What is needed
Below are the entries; give again exactly the lines from the one mentioning "Atomic Spendin' Coins Mini Dress" through the one mentioning "tapete romantica blumen", inclusive.

Stored data
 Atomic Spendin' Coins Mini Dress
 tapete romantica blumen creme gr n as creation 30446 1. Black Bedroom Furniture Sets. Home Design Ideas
* * *
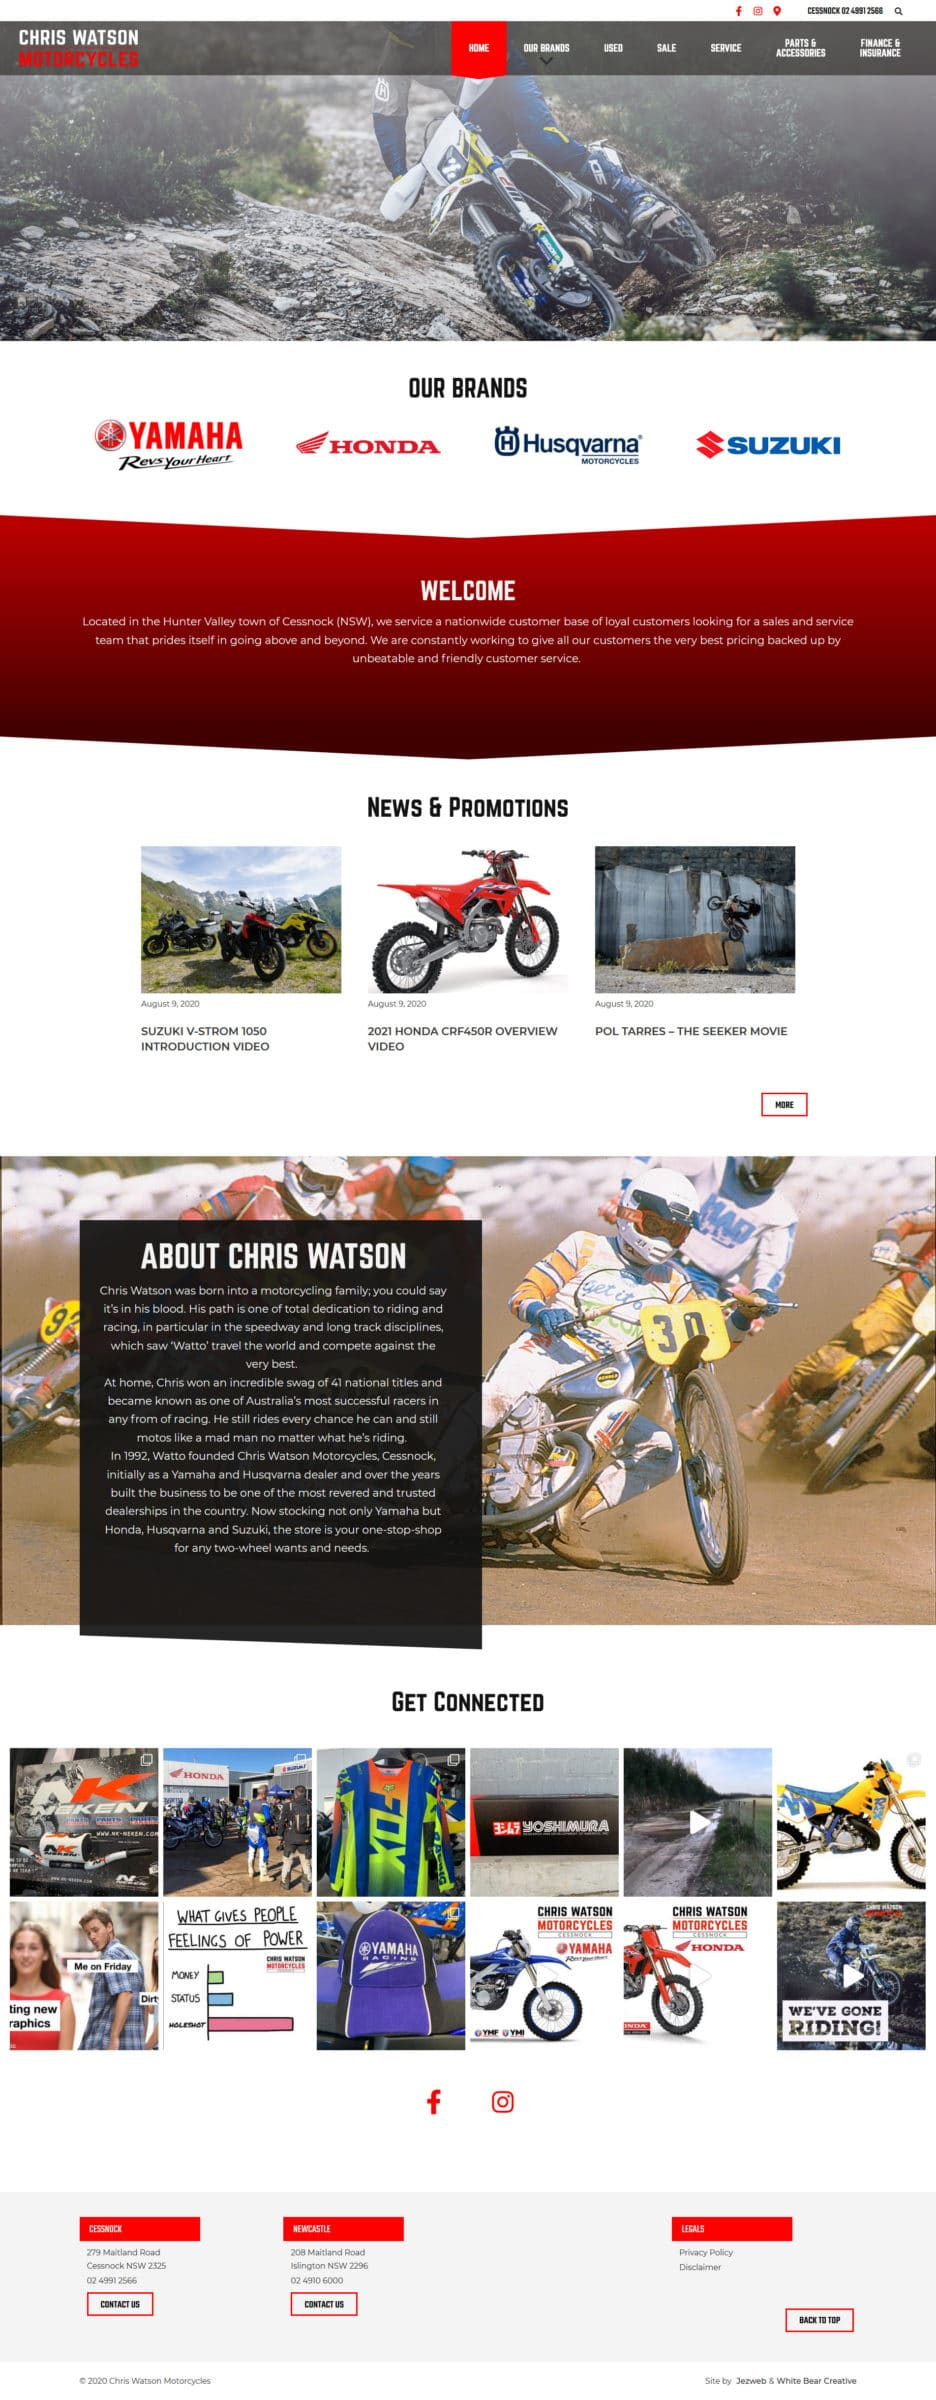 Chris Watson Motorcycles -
...
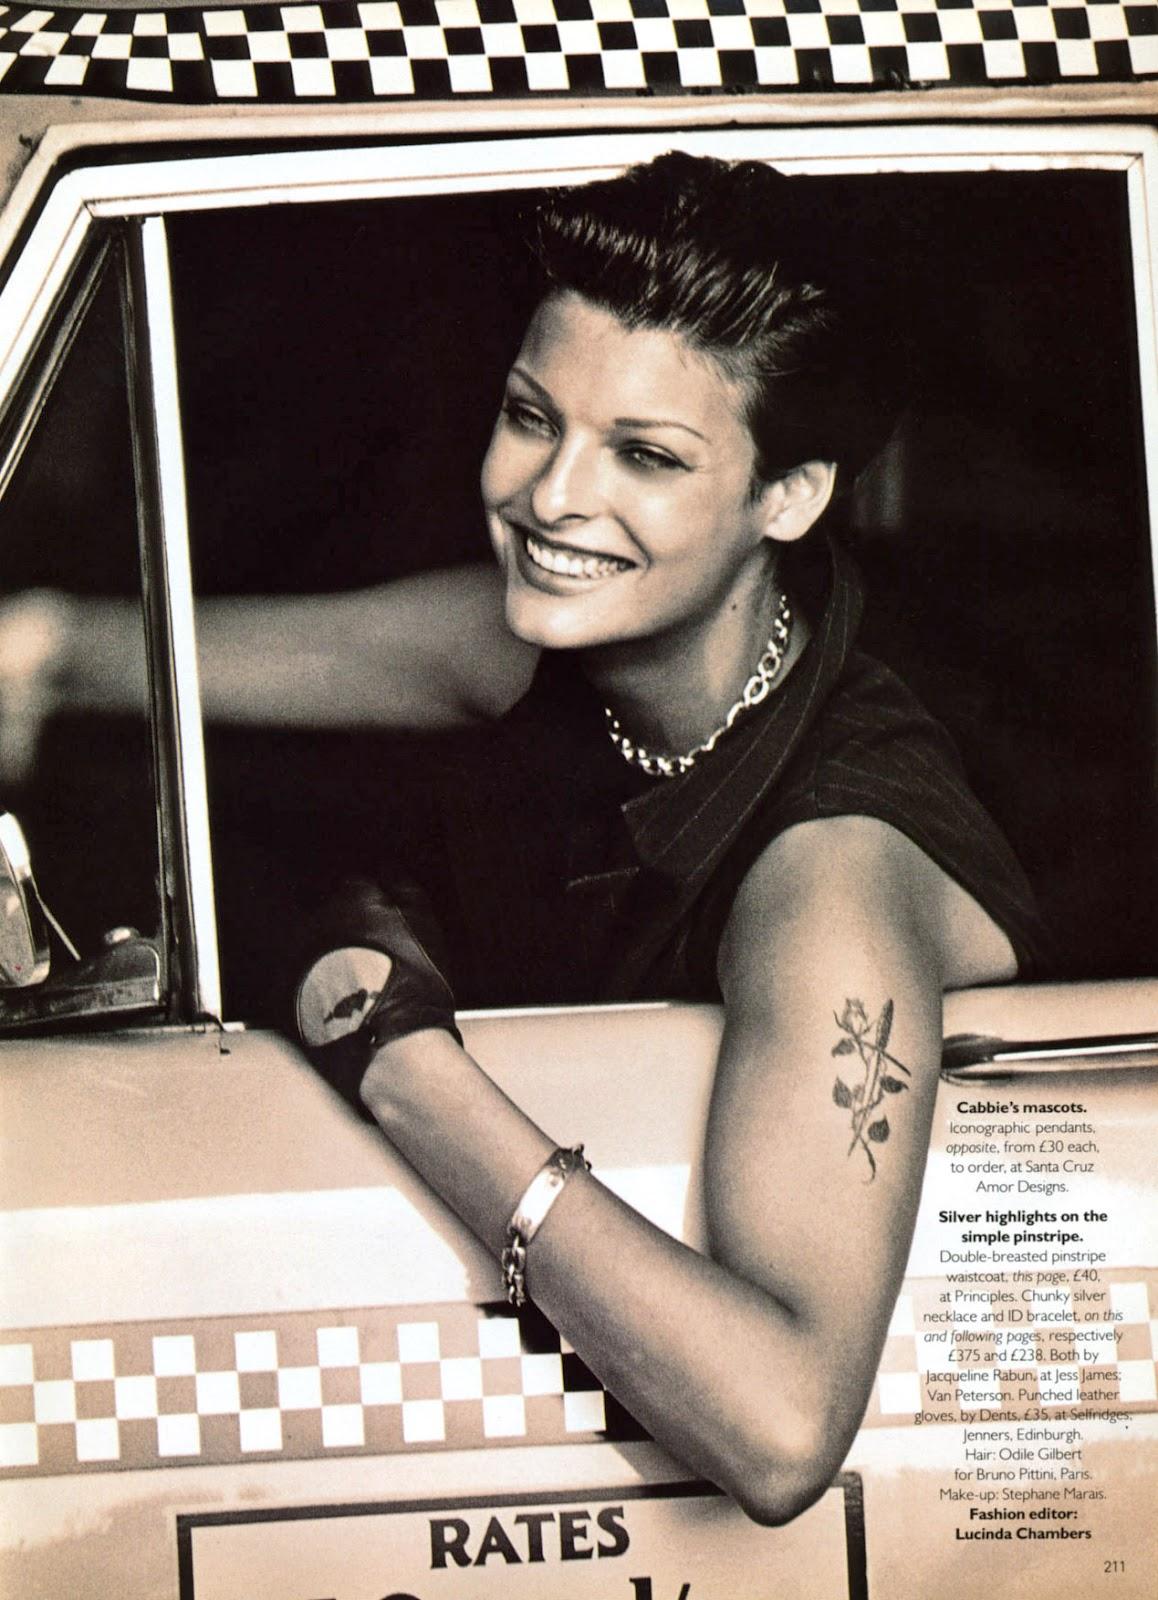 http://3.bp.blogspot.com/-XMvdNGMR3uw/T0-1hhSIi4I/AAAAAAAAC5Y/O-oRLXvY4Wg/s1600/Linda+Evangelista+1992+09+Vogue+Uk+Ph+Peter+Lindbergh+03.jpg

Result of this exercise
 Atomic Spendin' Coins Mini Dress
 tapete romantica blumen creme gr n as creation 30446 1. Black Bedroom Furniture Sets. Home Design Ideas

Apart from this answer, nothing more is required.